What to produce: Please reproduce the listing below exactly, leaving out every picture.

Source data:
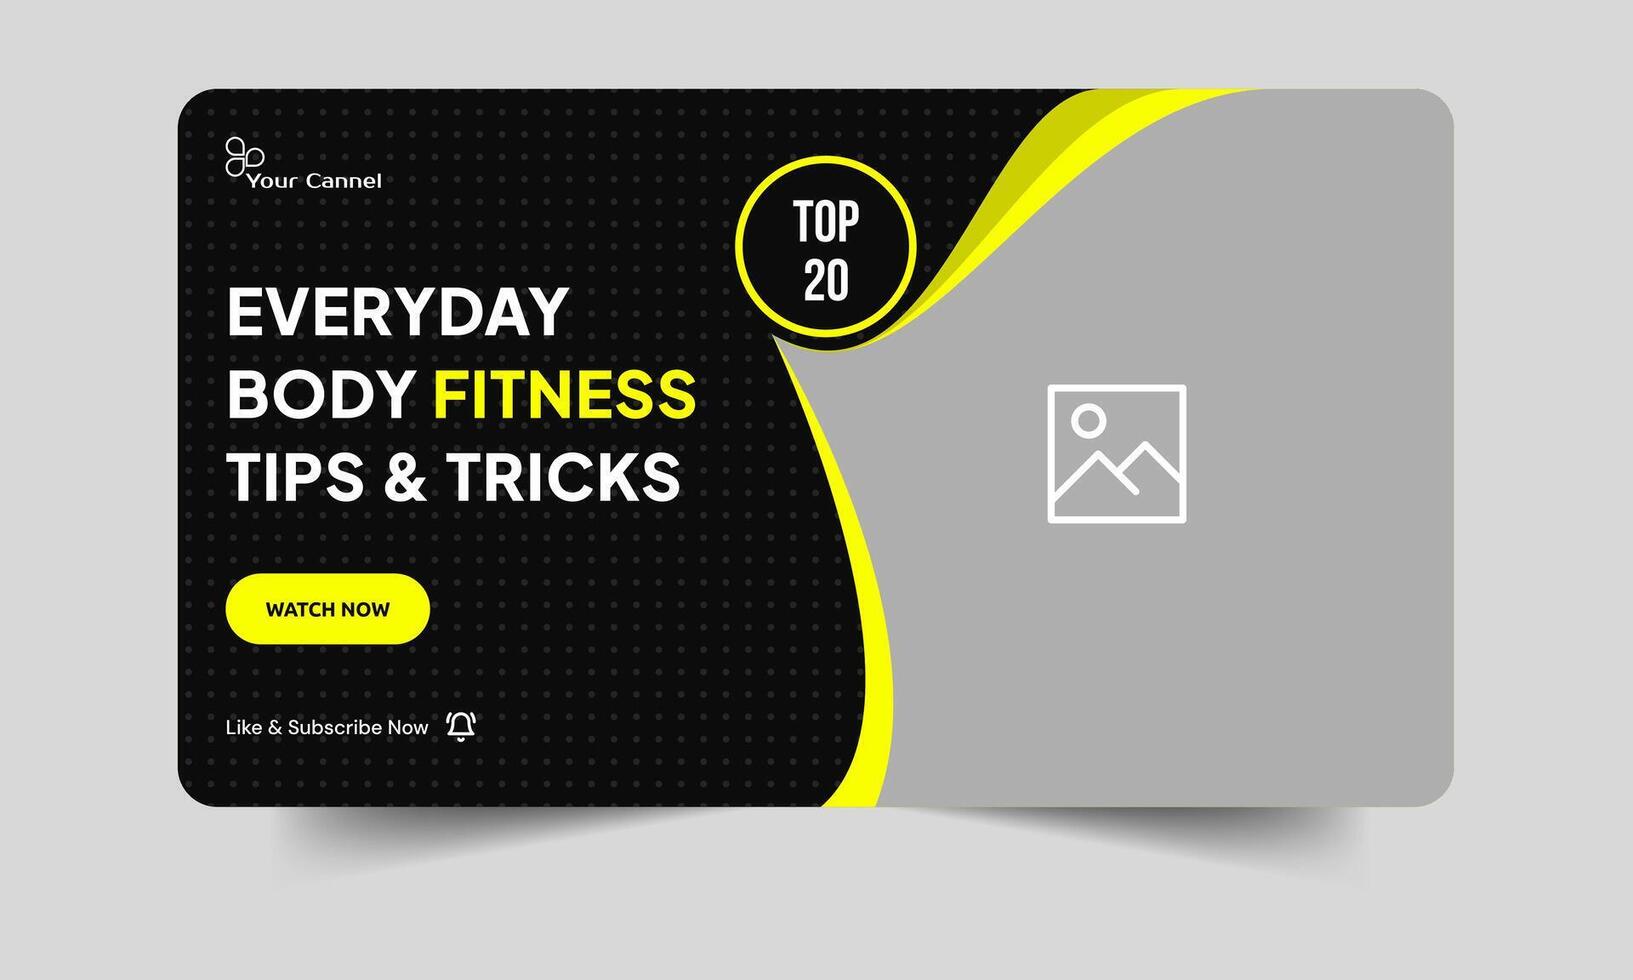 Abstract body fitness techniques cover banner design, daily best fitness tips and tricks thumbnail banner design, customizable eps 10 file format vector
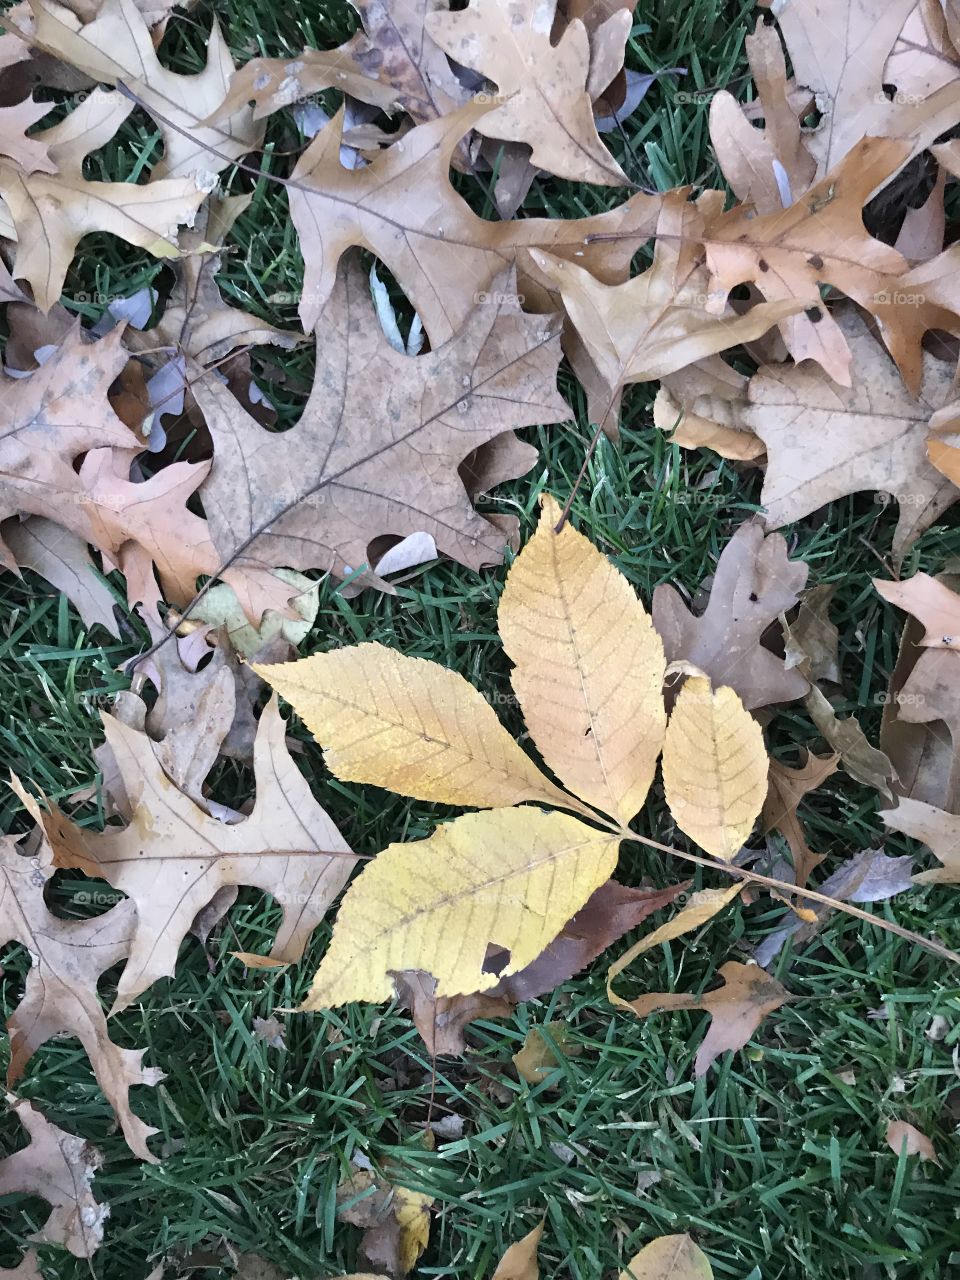 The different kinds of leaves that you find on the ground!
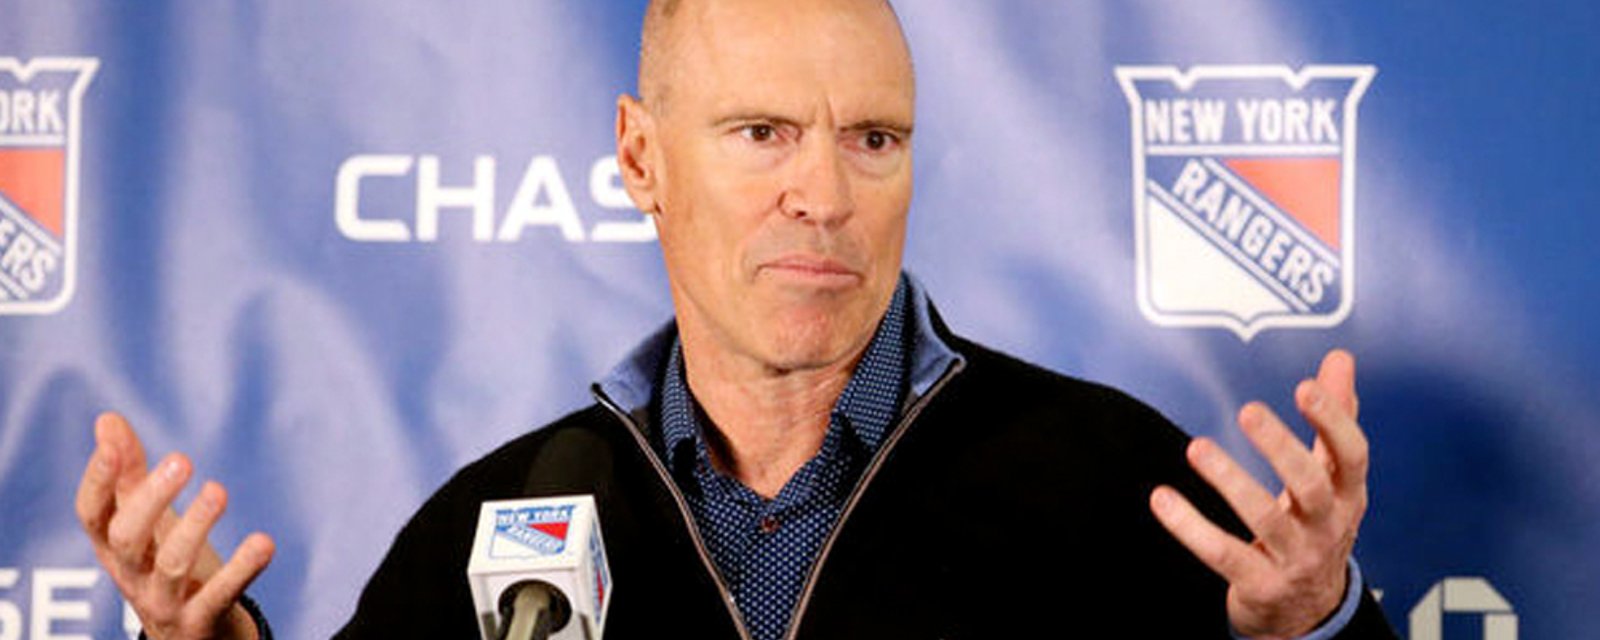 A clearly jilted Mark Messier criticizes Rangers for front office moves

Exercise response:
 Abstract body fitness techniques cover banner design, daily best fitness tips and tricks thumbnail banner design, customizable eps 10 file format vector
 The different kinds of leaves that you find on the ground!
 A clearly jilted Mark Messier criticizes Rangers for front office moves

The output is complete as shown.